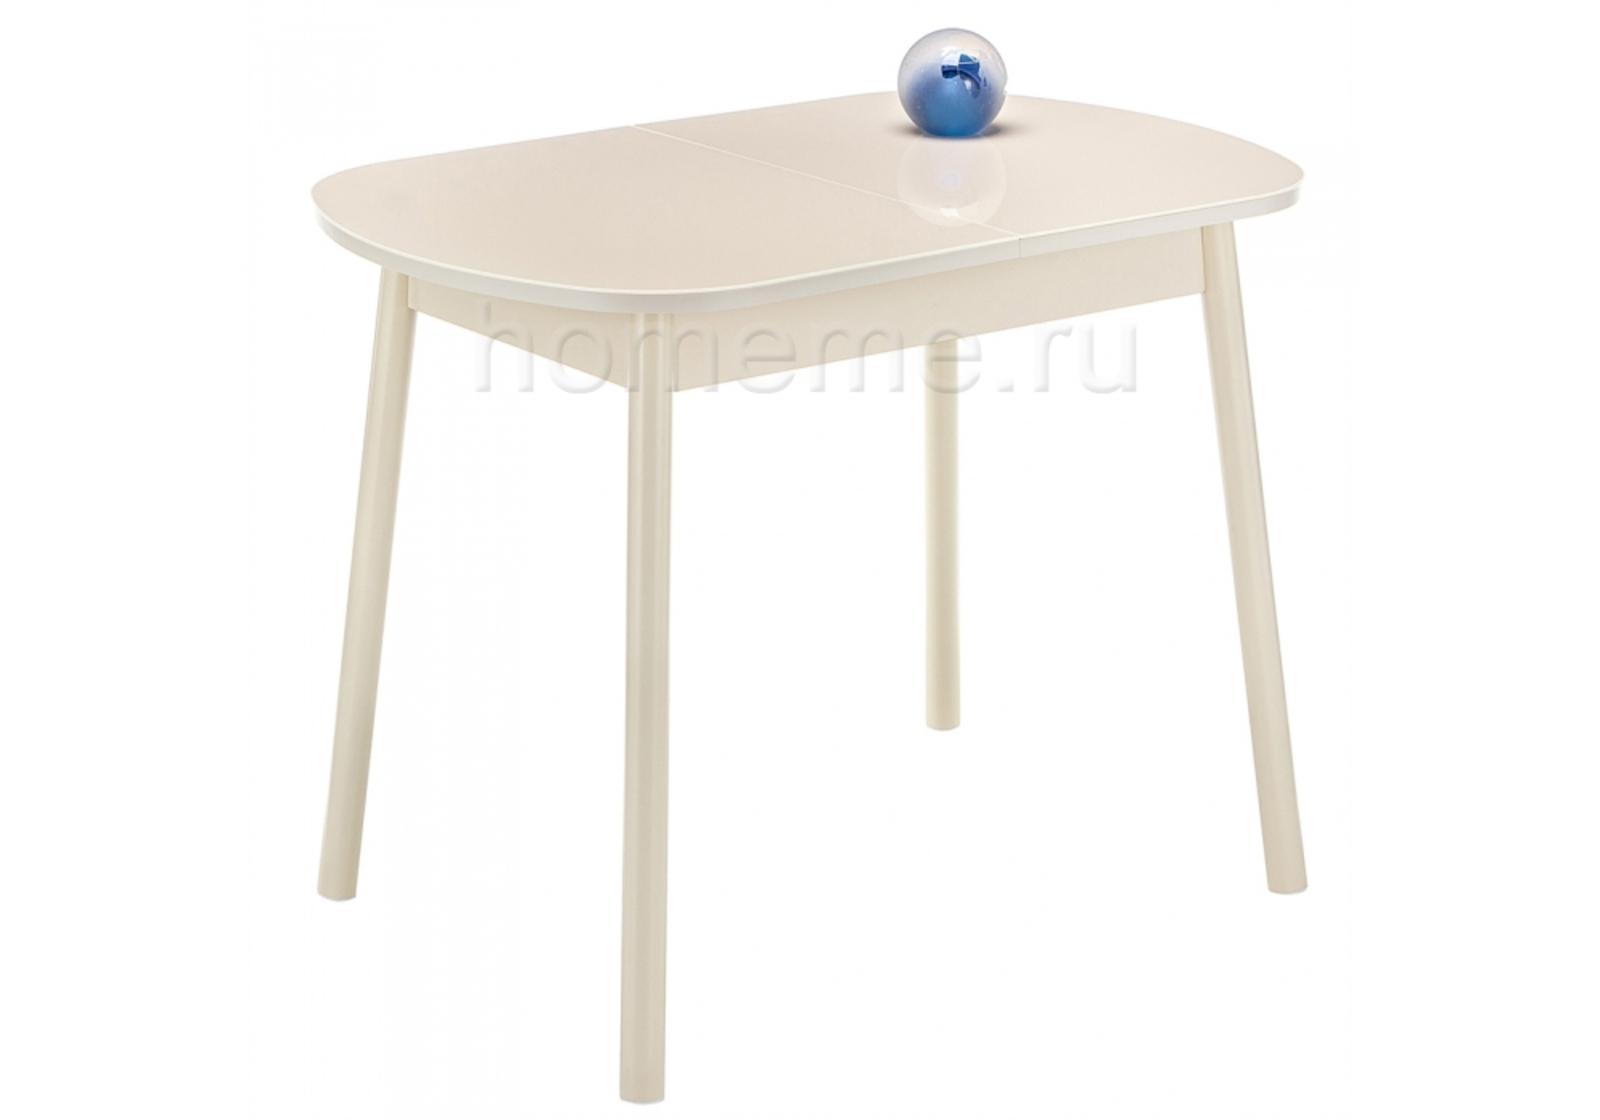 Кухонный стол HomeMe Вивьен 94 кремовый 302624 от Homeme.ru
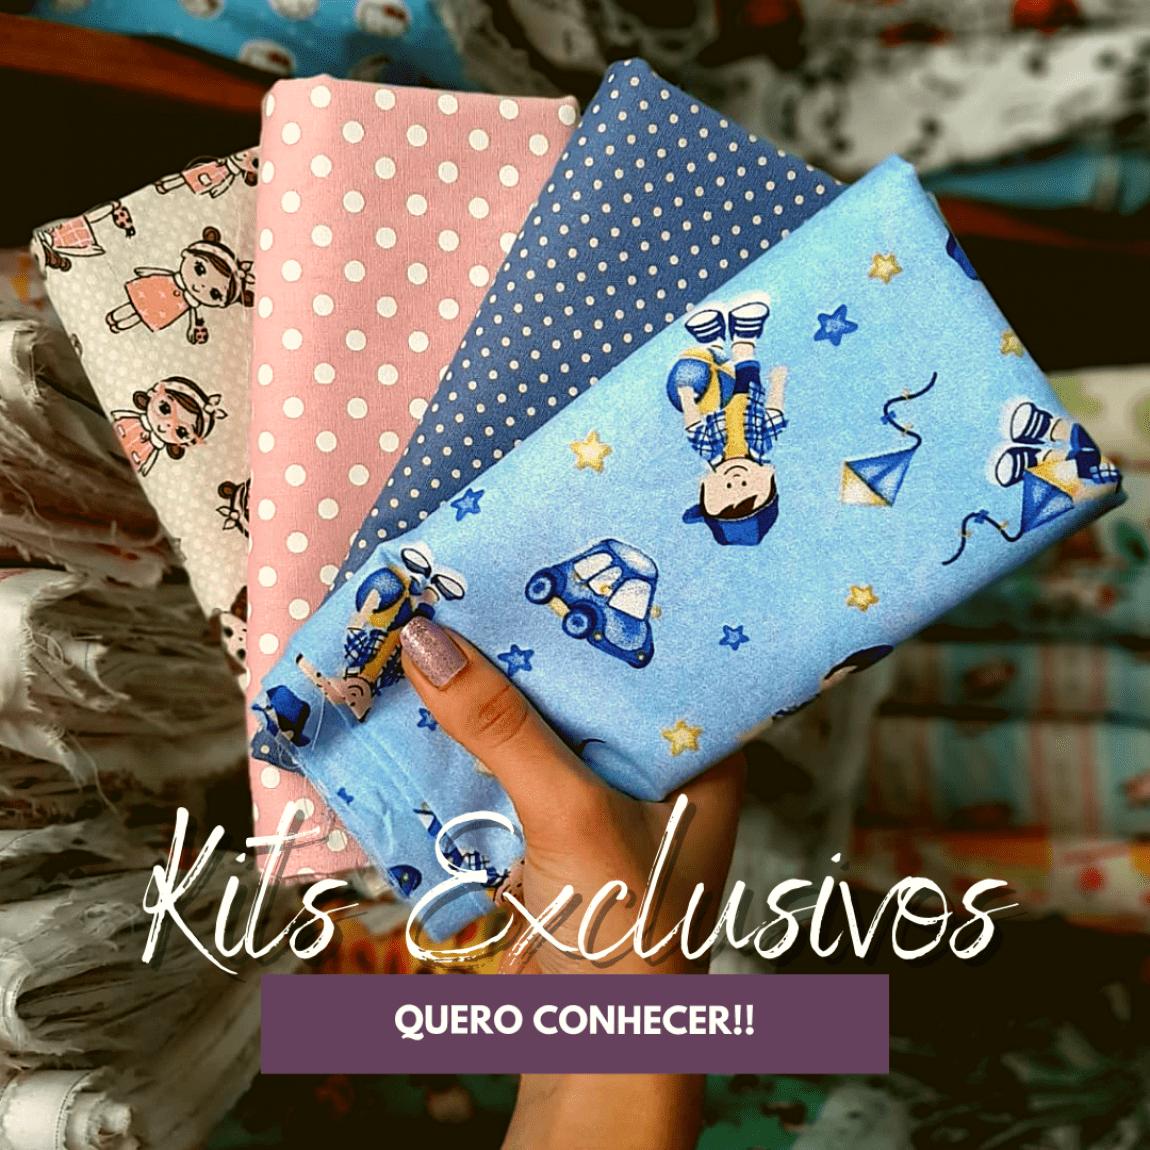 Kits Exclusivos
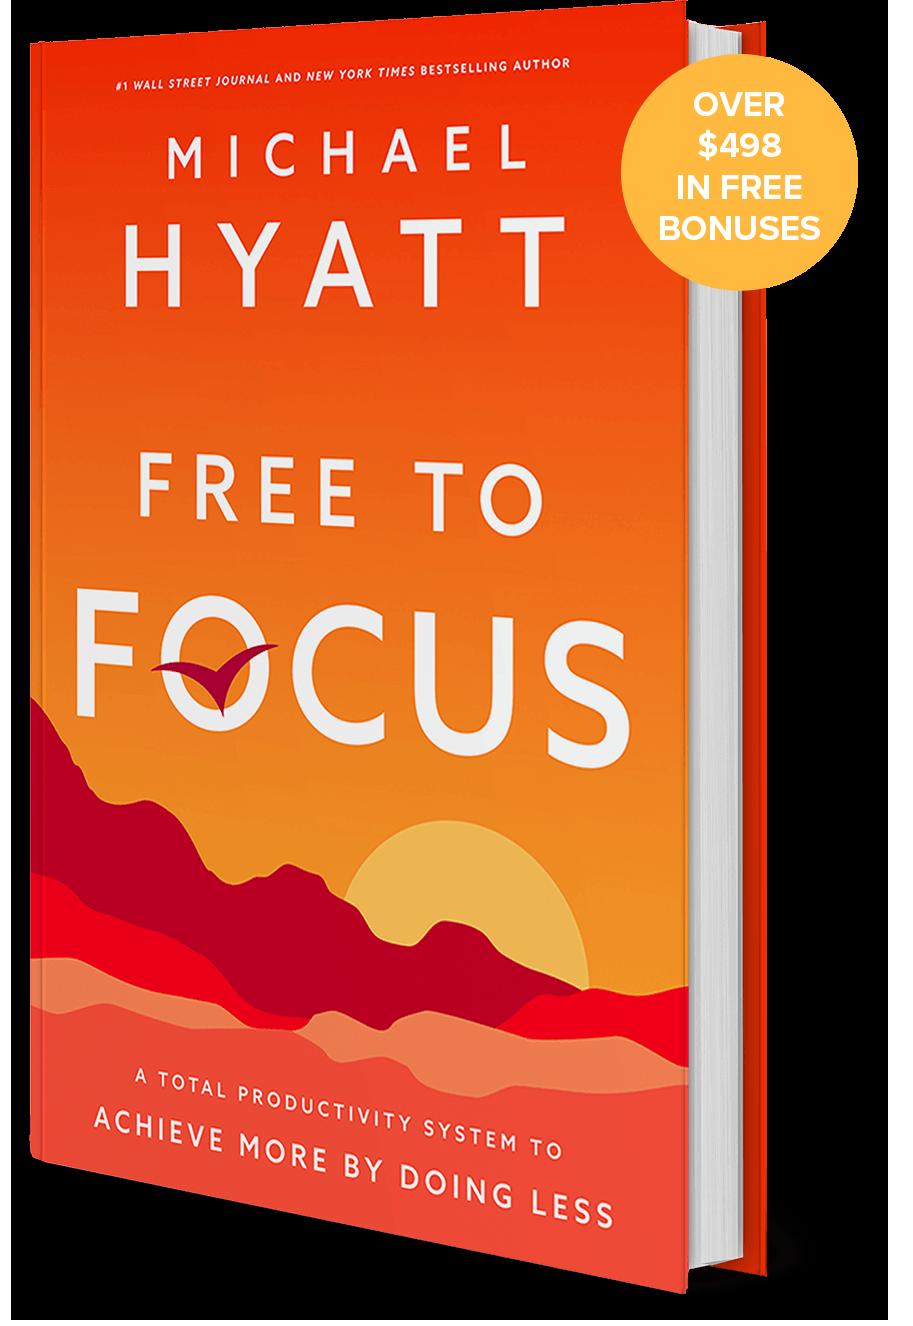 free-to-focus-book-michael-hyatt
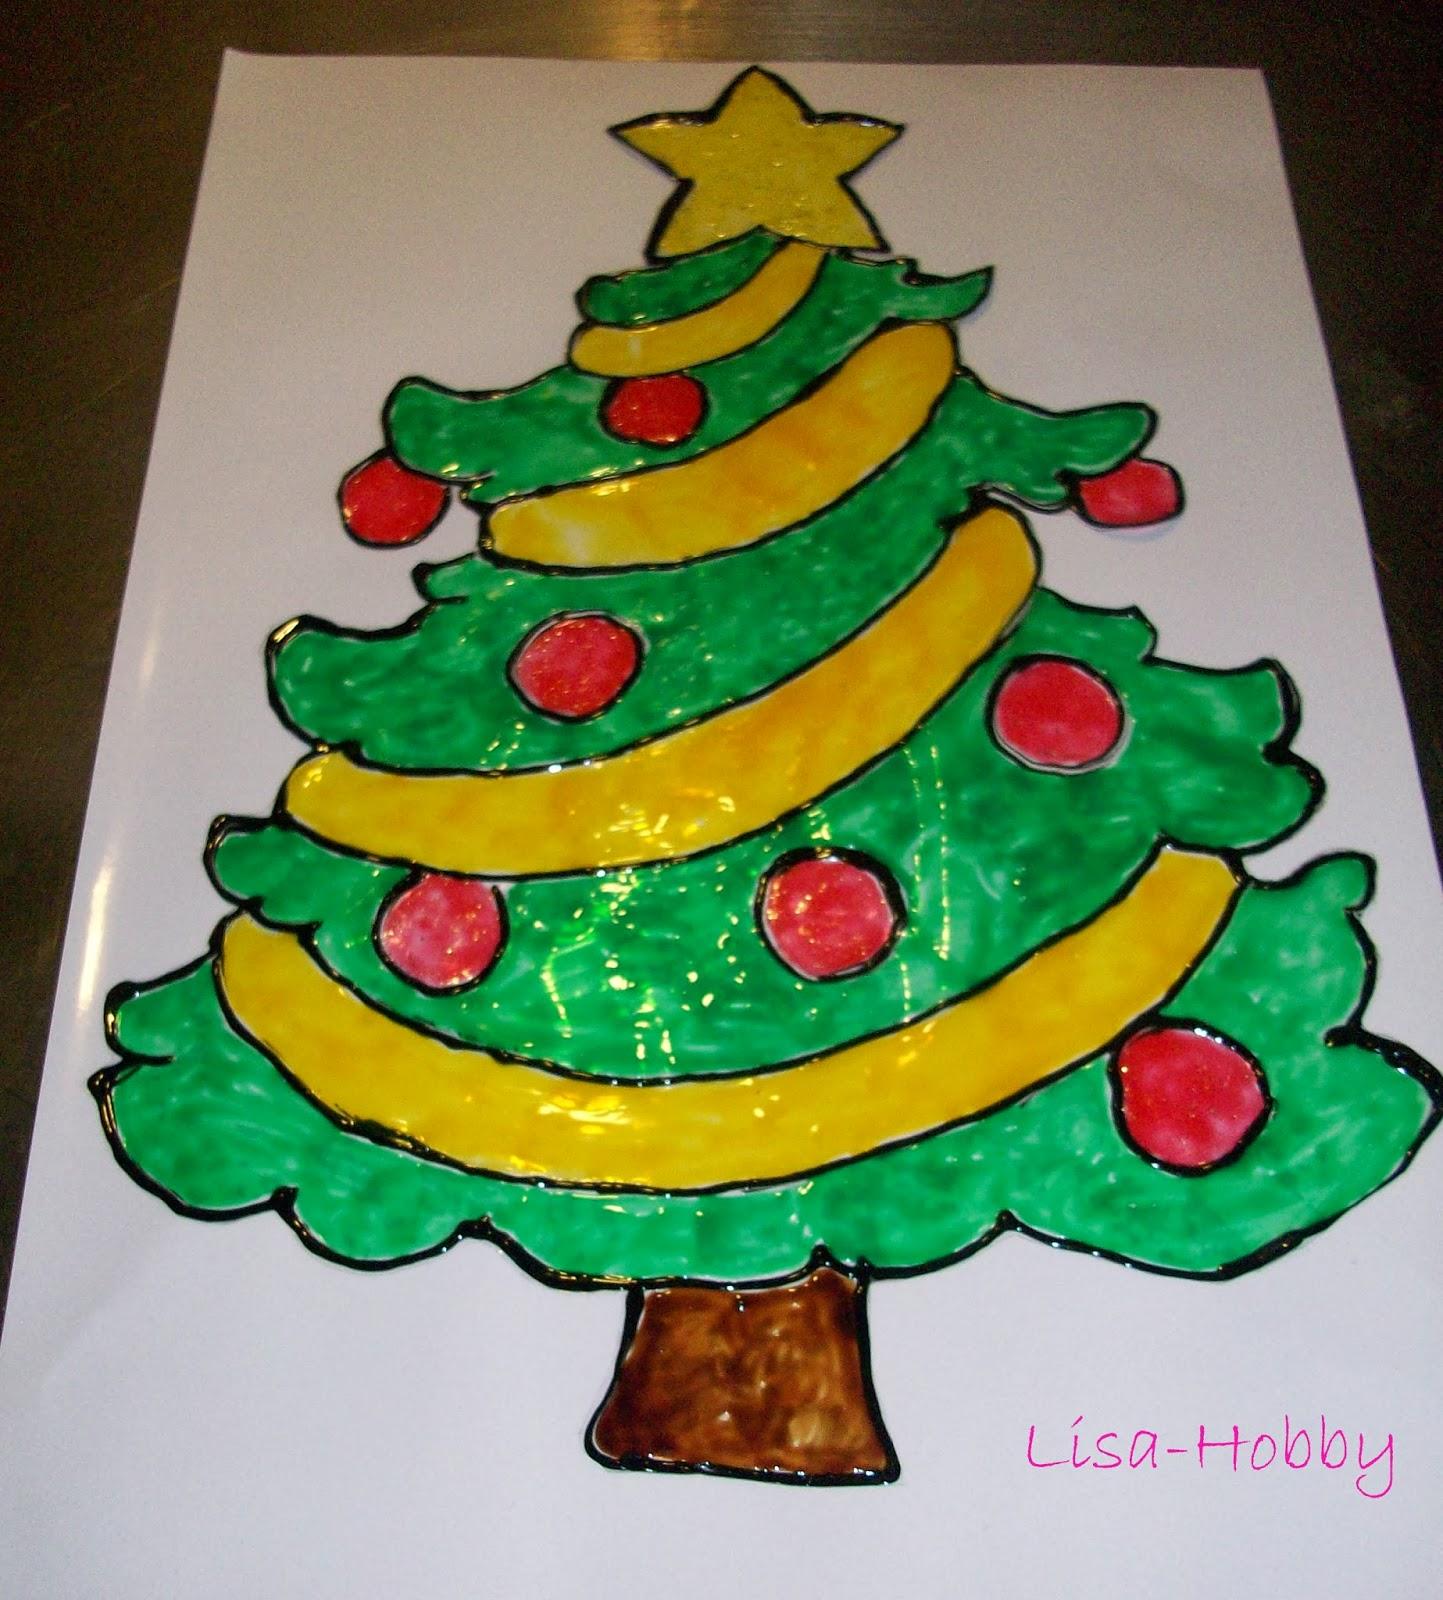 Lisa hobby decorazioni natalizie per finestre - Decorazioni natalizie per finestre ...

▶ [Exercise brief]: Return the material above exactly; the images stay out.

▶ [Completed exercise]:
 Кухонный стол HomeMe Вивьен 94 кремовый 302624 от Homeme.ru
 Kits Exclusivos
 free-to-focus-book-michael-hyatt
 Lisa hobby decorazioni natalizie per finestre - Decorazioni natalizie per finestre ...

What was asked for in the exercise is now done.